PROBLEM TO WORK ON ▸
Wherever a picture sits, omit it. Output the rest of the listing exactly.

PROVIDED MATERIAL ▸
▬▬▬▬▬▬

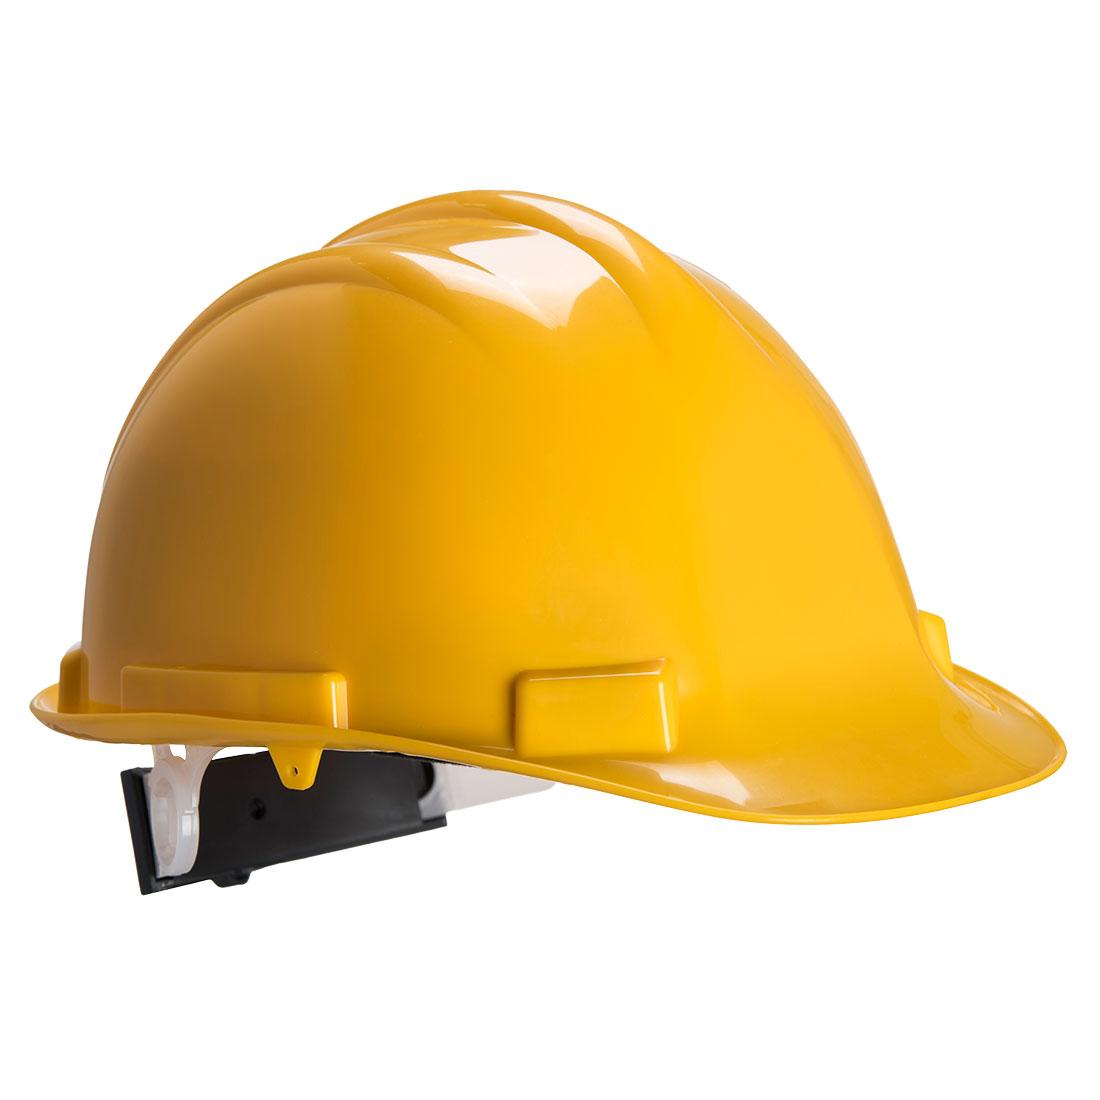 Portwest Expertbase Wheel Safety Helmet - Yellow
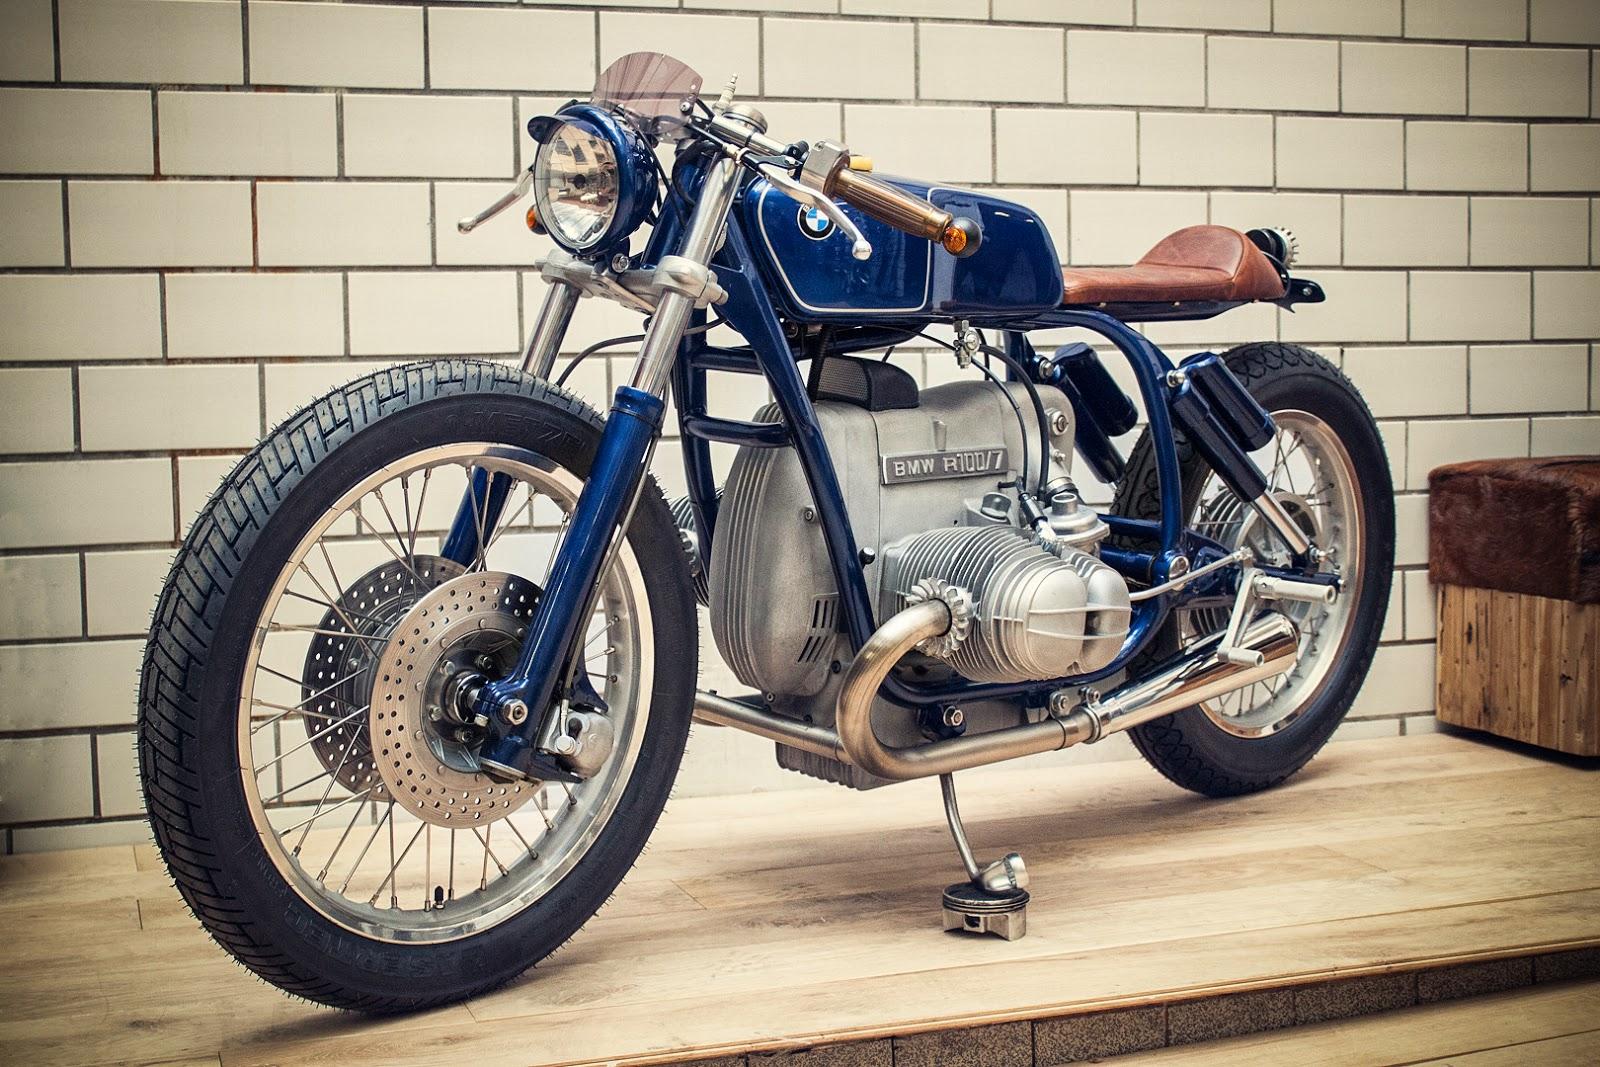 kingston custom motorcycles motorcycles. Black Bedroom Furniture Sets. Home Design Ideas
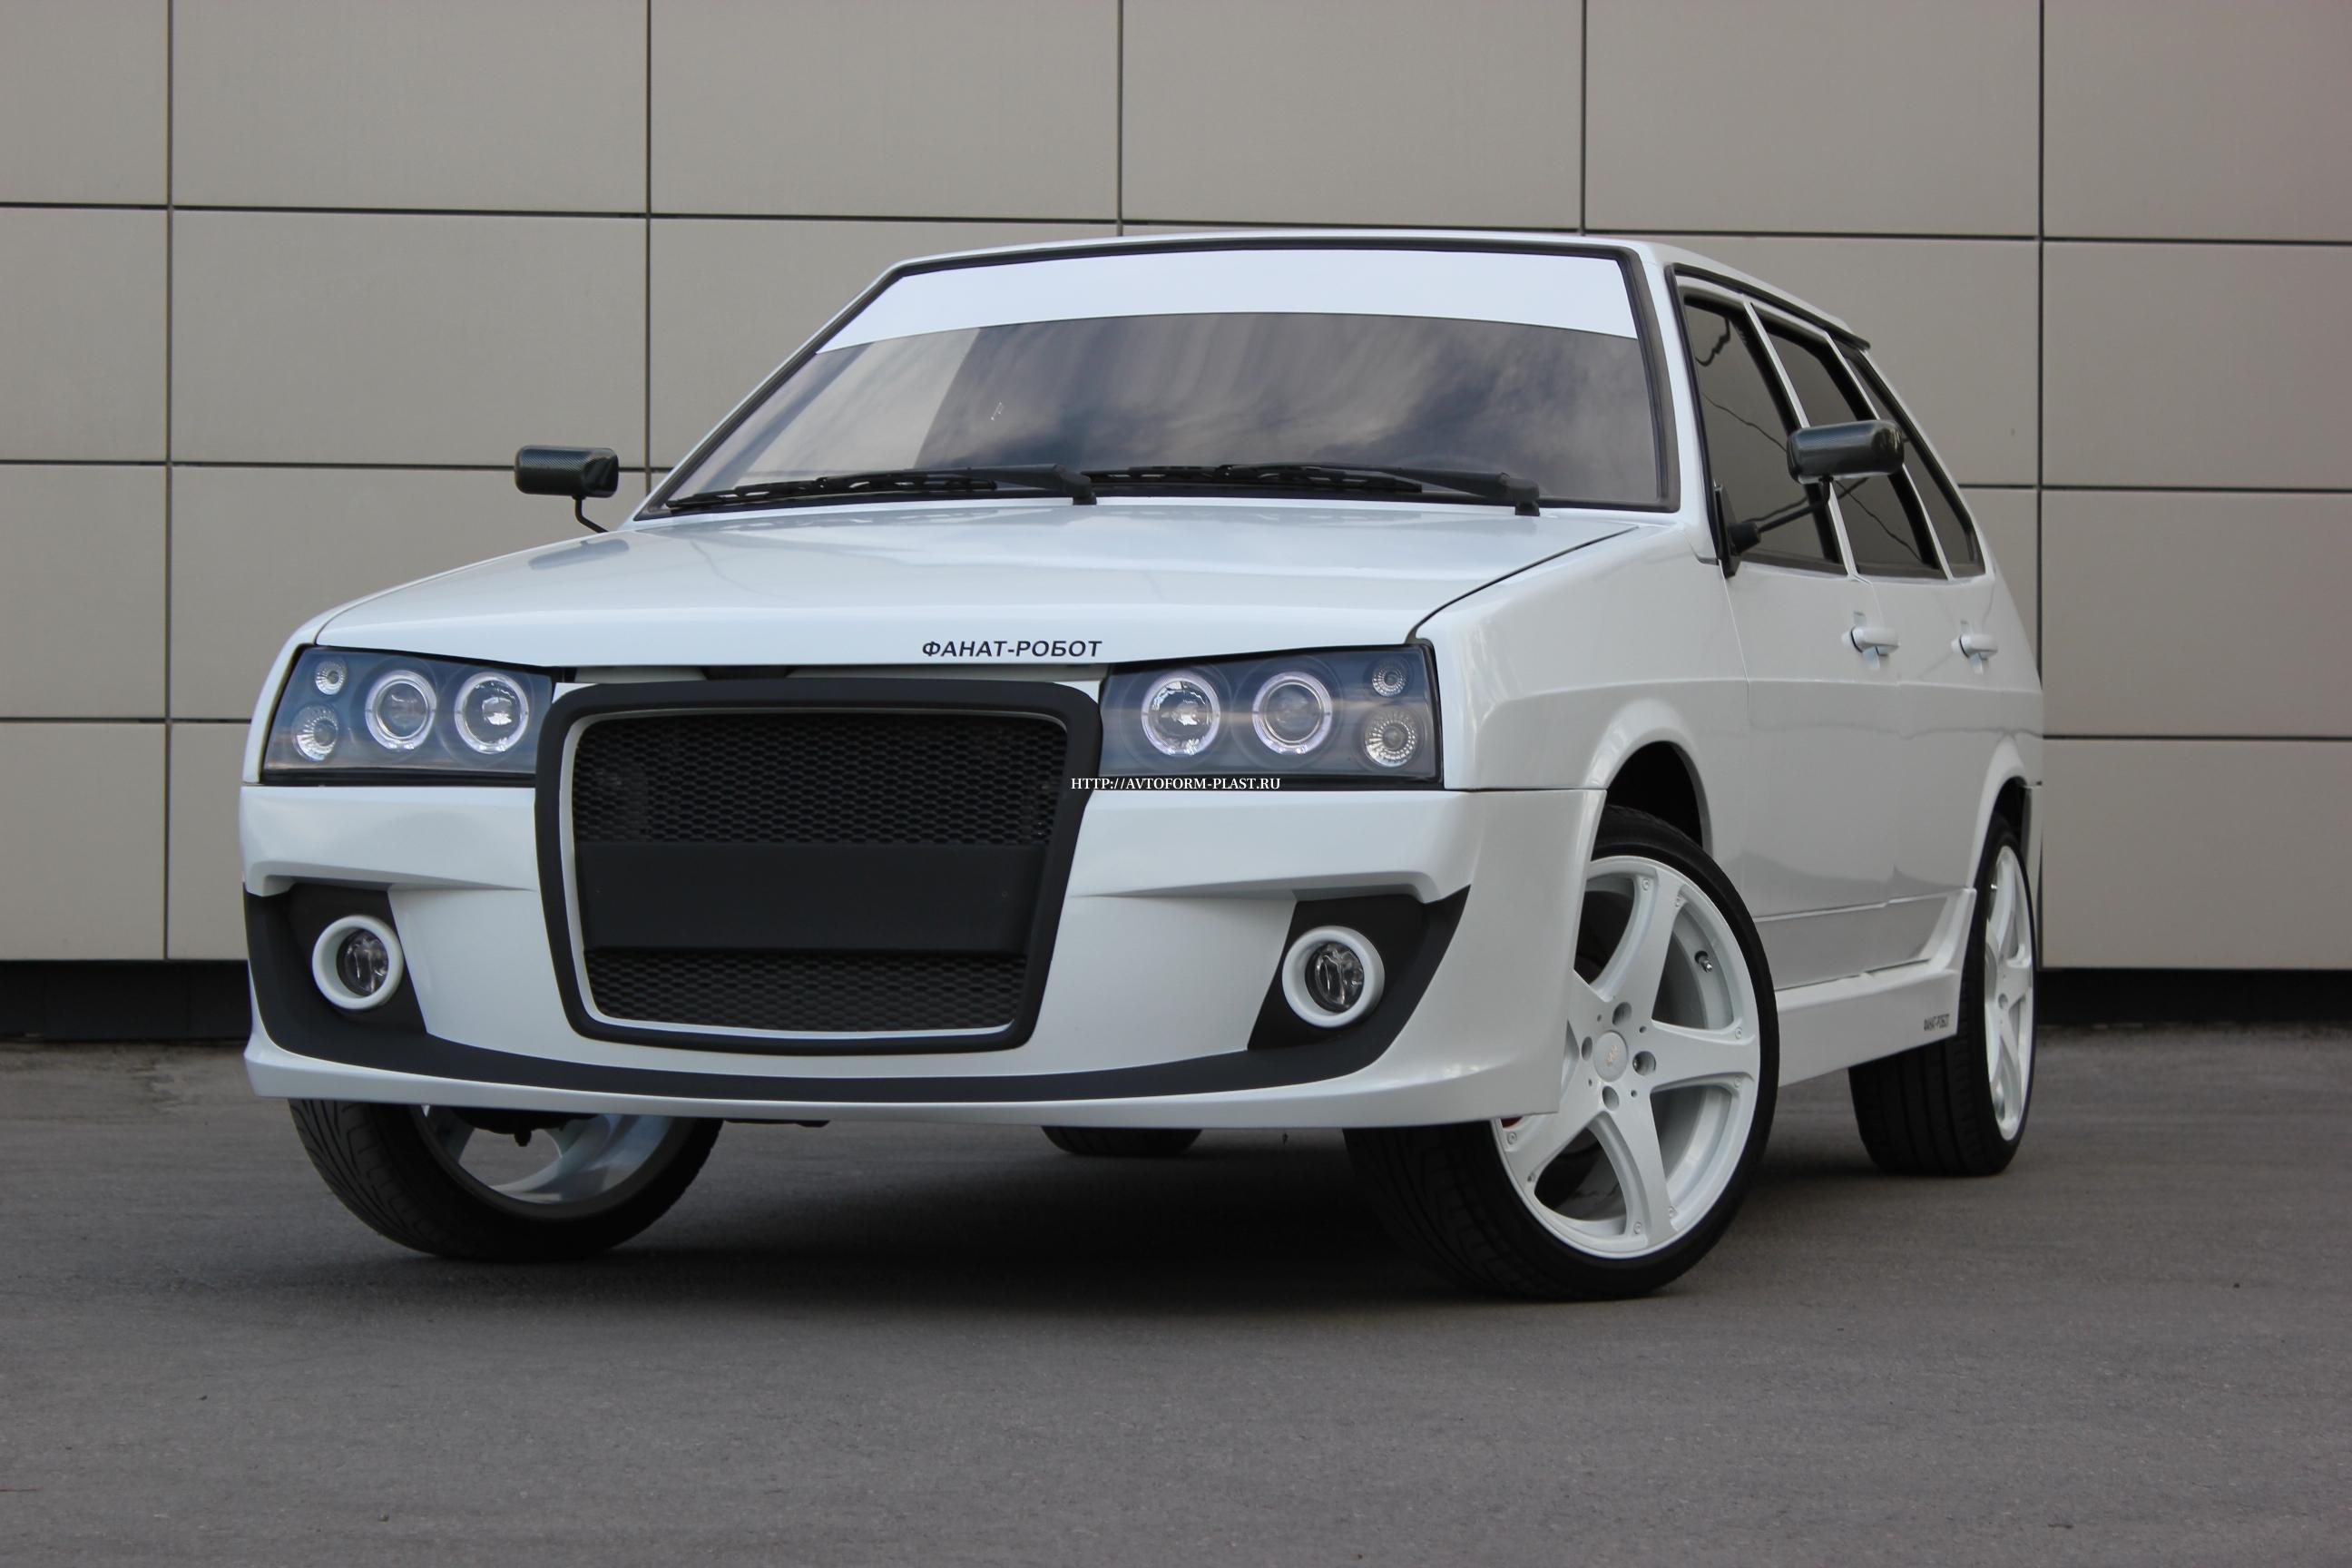 Глубокий тюнинг автомобиля ВАЗ 2109. Статья — фотоподборка

▬▬▬▬▬▬

OUTPUT BELOW ▸
 Portwest Expertbase Wheel Safety Helmet - Yellow
 kingston custom motorcycles motorcycles. Black Bedroom Furniture Sets. Home Design Ideas
 Глубокий тюнинг автомобиля ВАЗ 2109. Статья — фотоподборка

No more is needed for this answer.